AIM OF THE EXERCISE —
Word for word, restate the listing that follows and leave out the images.

*** SUPPLIED DATA

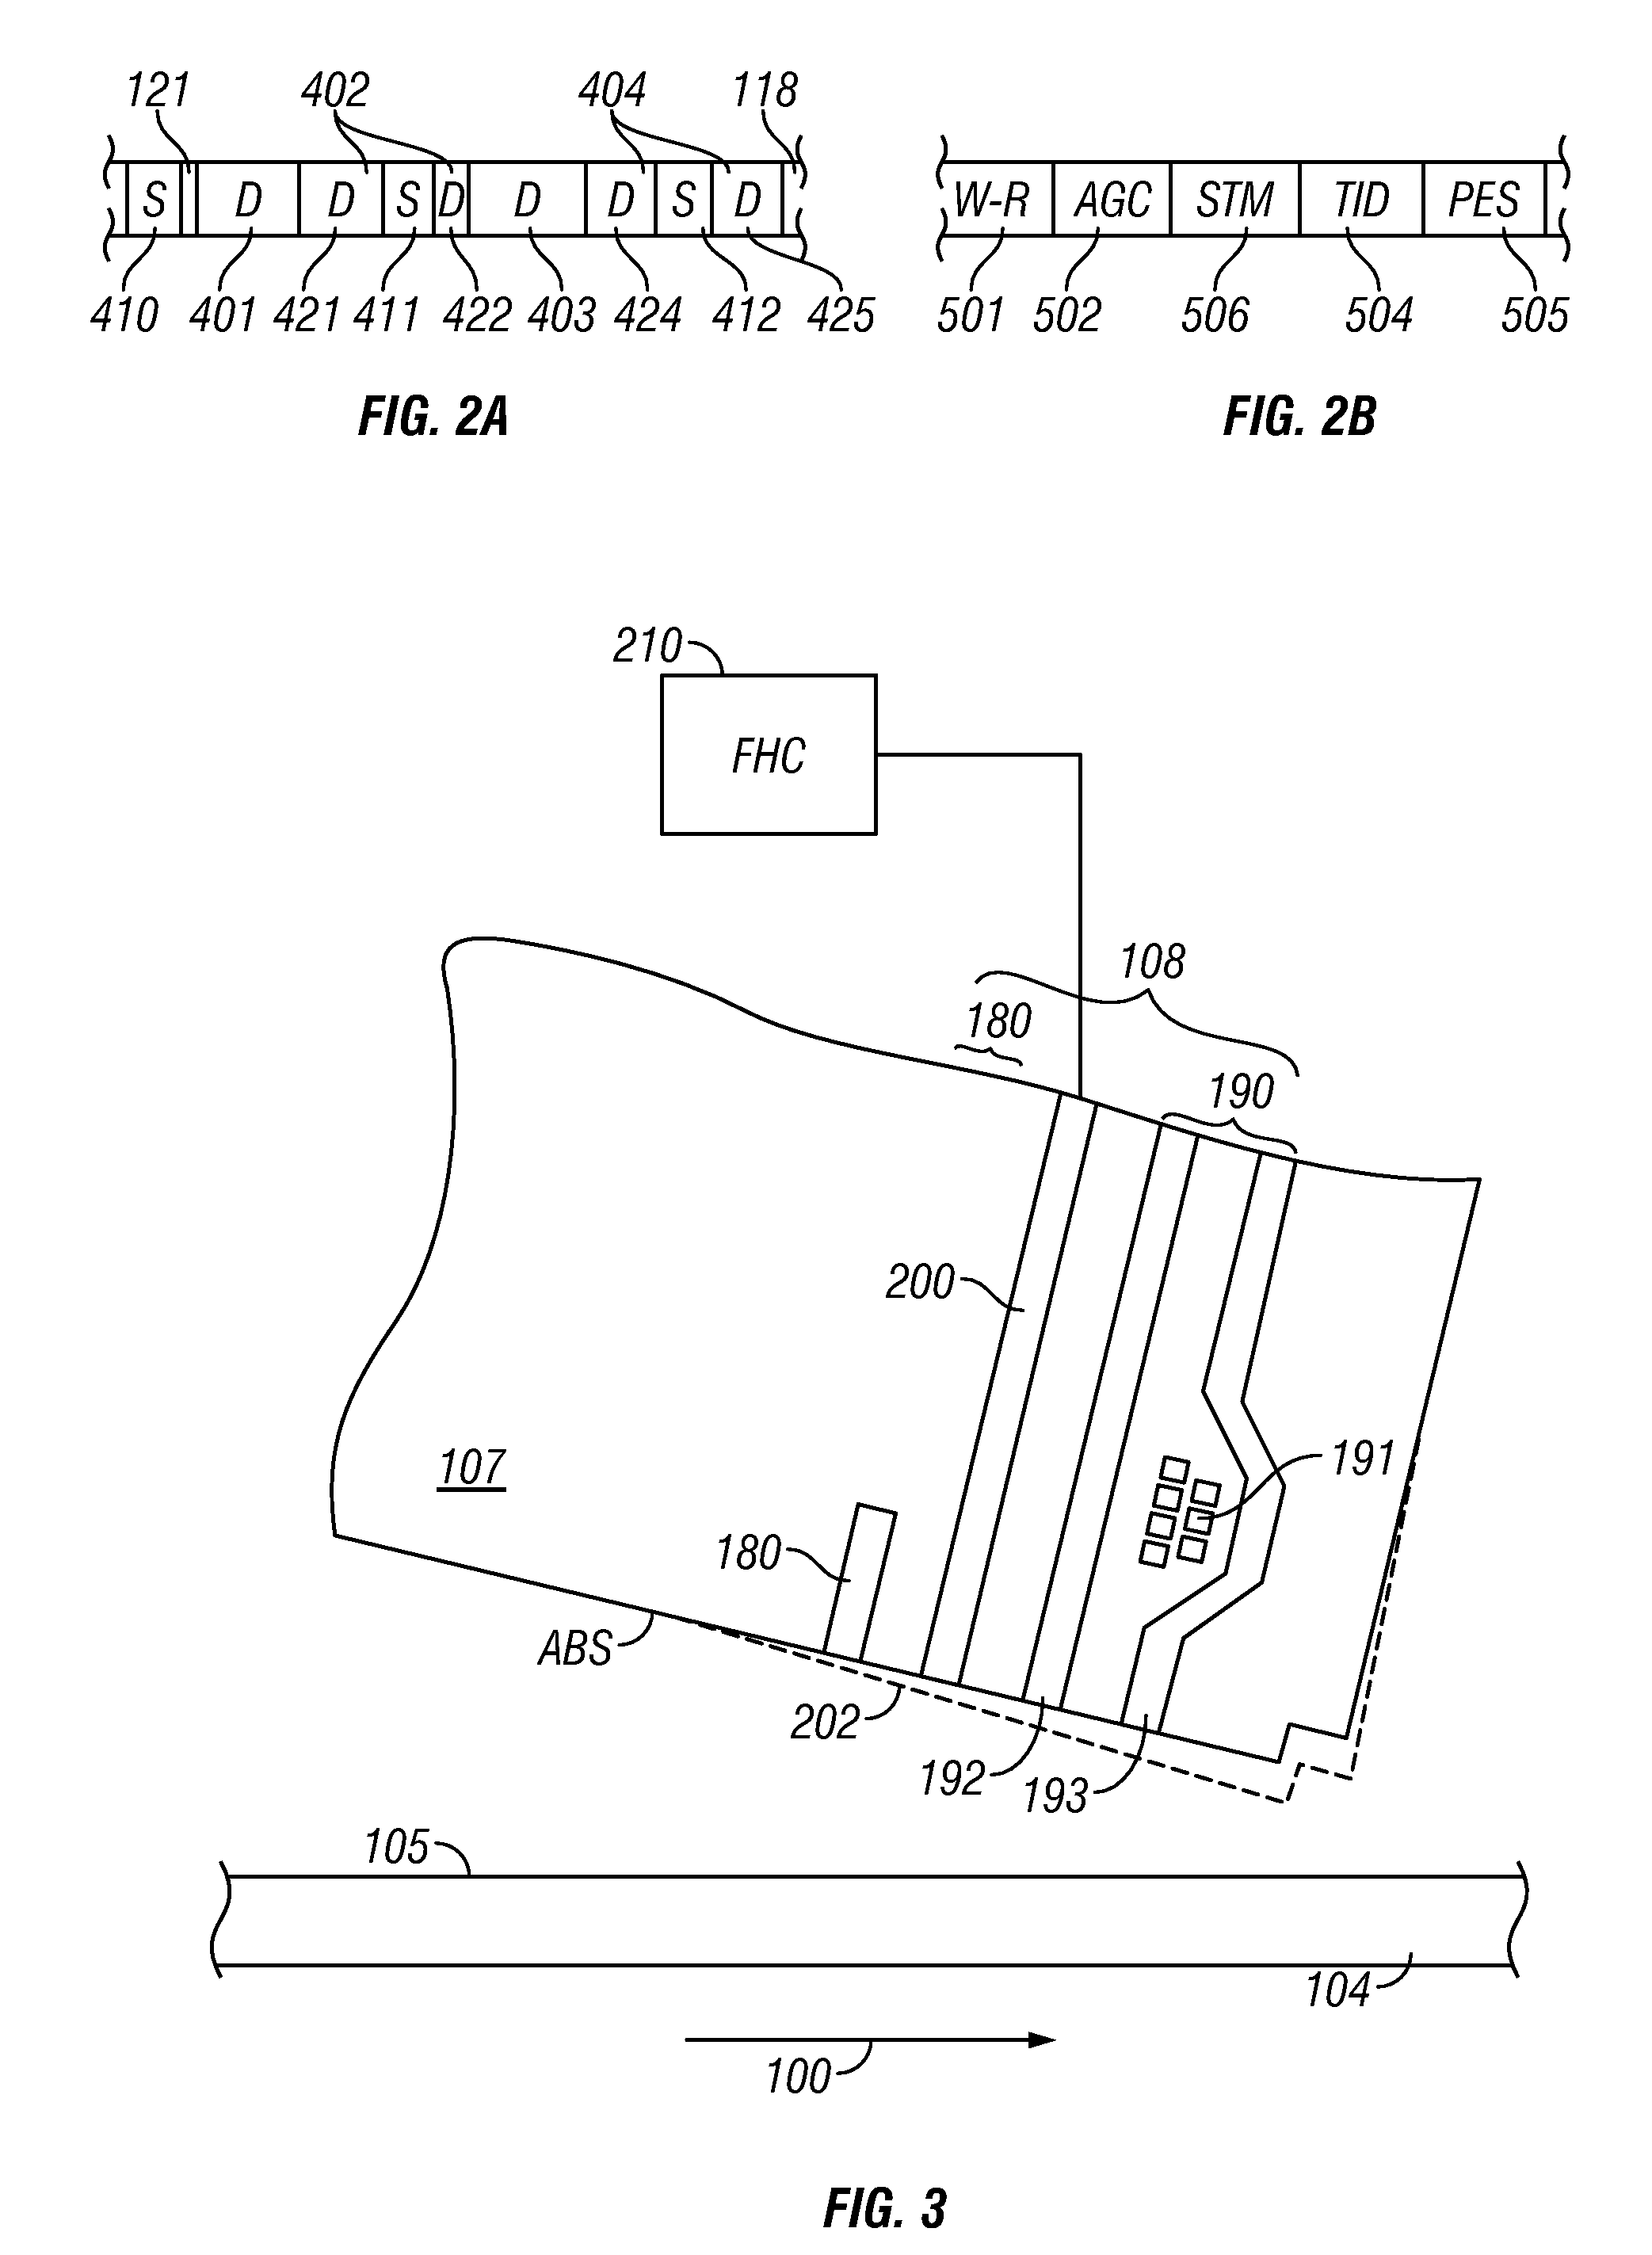 Disk drive with improved method for operating a thermal head fly-height actuator
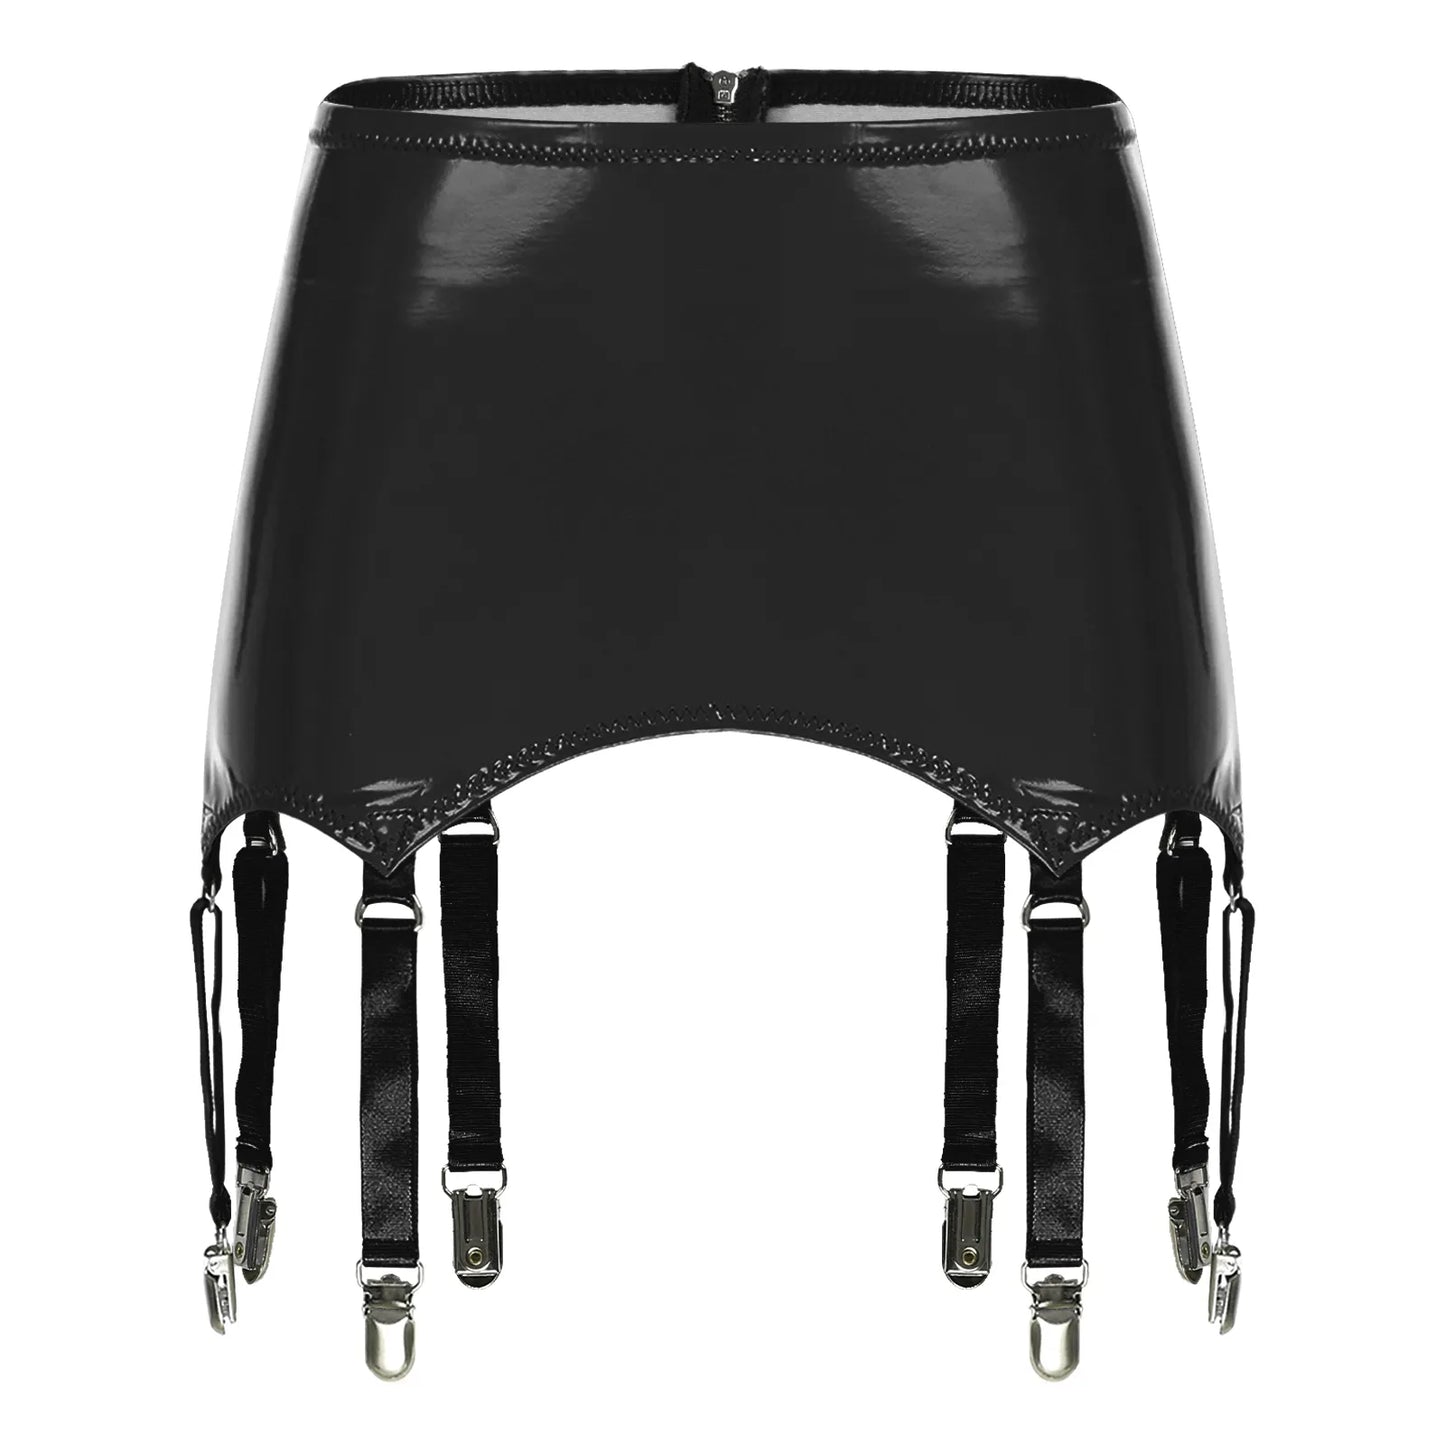 Hip Hot- the Patent Vinyl Girdle with Garters
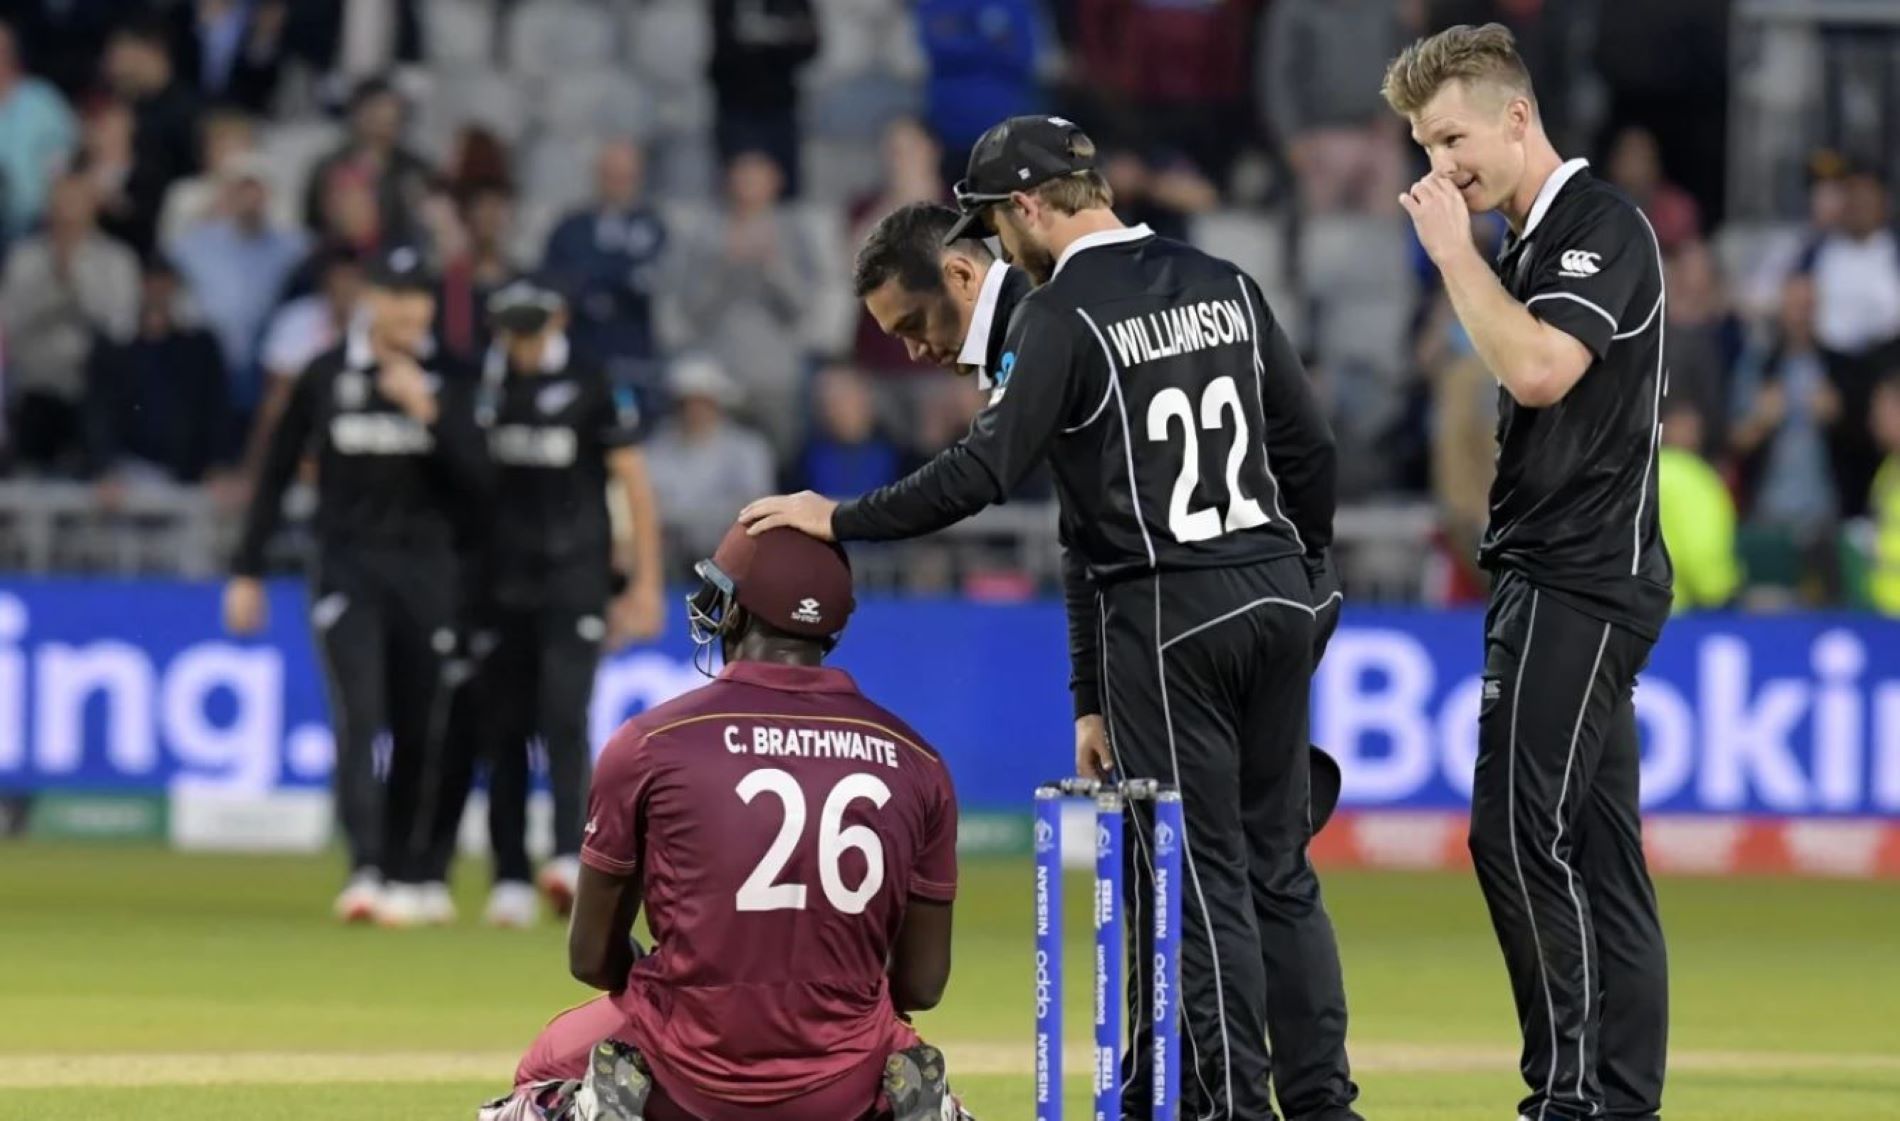 Carlos Brathwaite was disconsolate after nearing pulling off a miracle.

******

SOLUTION FOR THIS TASK —
 Disk drive with improved method for operating a thermal head fly-height actuator
 Hip Hot- the Patent Vinyl Girdle with Garters
 Carlos Brathwaite was disconsolate after nearing pulling off a miracle.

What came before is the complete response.